Тишина, наступившая после того, как голос в записи оборвался, была тяжелее и плотнее любой брони. Её давила абсолютная тишина существ по ту сторону двери. Ту, что нарушал лишь один звук – сухое, ритмичное поскрёбывание, словно алмазный резек впивался в металл. Он был теперь так близок, что вибрация от каждого «тика» отдавалась в костях, в зубах, в самой дрожи сердца, беззвучно отсчитывая последние секунды.
Каэстра медленно, словно её рука весила центнер, опустила планшет. Свет экрана погас, погрузив отсек в полумрак, подчеркнув смертельную бледность её лица под забралом. Её золотые, всегда живые глаза были пусты и неподвижны. Она слышала тот голос из записи – не в наушниках, а внутри, в костях. Он звучал в унисон с этим методичным скрежетом, сливаясь в один приговор. «Они не боролись, были переписаны. Их воля… стёрта». Мысль обрывалась, разбиваясь о ледяной ужас.
Лиран не двигалась. Её спина согнулась, плечи поднялись к ушам в позе загнанного зверя. Она смотрела на дверь, за которой работало это… устройство. В её взгляде не осталось командира – лишь животный, немой ужас. Запись не оставила иллюзий. Безличный, неумолимый процесс. Инфекция. Стирание. Весь её авторитет, вся её дисциплина рассыпались в прах перед простой истиной: она была всего лишь биомассой, подлежащей утилизации.
Скрежет внезапно сменился на новый звук – короткое, пронзительное шипение, как от плазменного резака.
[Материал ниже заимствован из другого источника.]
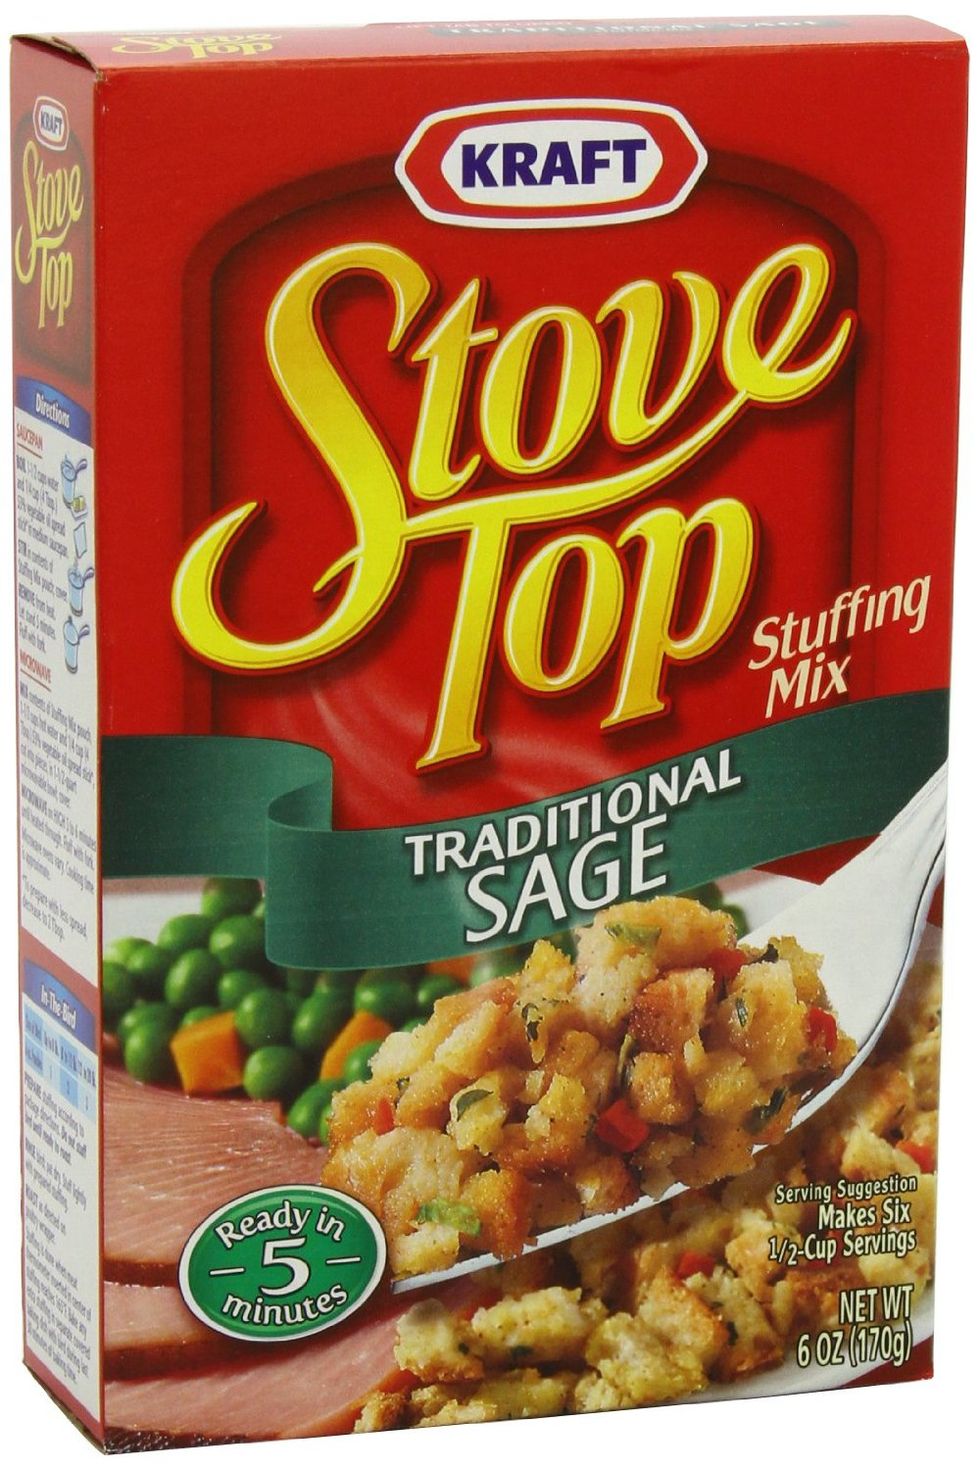 Best Boxed Stuffing Mix - Easy Store Bought Stuffings

В верхней части бронированной двери, в месте стыка створок, появилась крошечная, раскалённая докрасна точка. От неё поползли тонкие, извилистые трещины, светящиеся адским багровым сиянием. Воздух наполнился резким запахом озона и гари от плавящегося метала. Дверь вскрывали.
Каэстра на автомате, движением, выученным до мышечной памяти, подняла винтовку. Но в этом движении не было уверенности – лишь пустой автоматизм последнего отчаянного жеста. Её палец лег на спусковой крючок. Стрелять в дверь? В ту точку? Это было бы так же бессмысленно, как стрелять в броню танка из пистолета.
– Они… вскрывают… – прошептала она, и её голос прозвучал плоским, механическим, лишённым всяких эмоций.
Лиран резко, судорожно выдохнула. Она с усилием оторвала взгляд от двери, от этой раскалённой язвы, и посмотрела на Каэстру. В её широко раскрытых от страха глазах мелькнуло нечто новое – почти что извинение. И безмолвная, отчаянная просьба. Не оставить одну.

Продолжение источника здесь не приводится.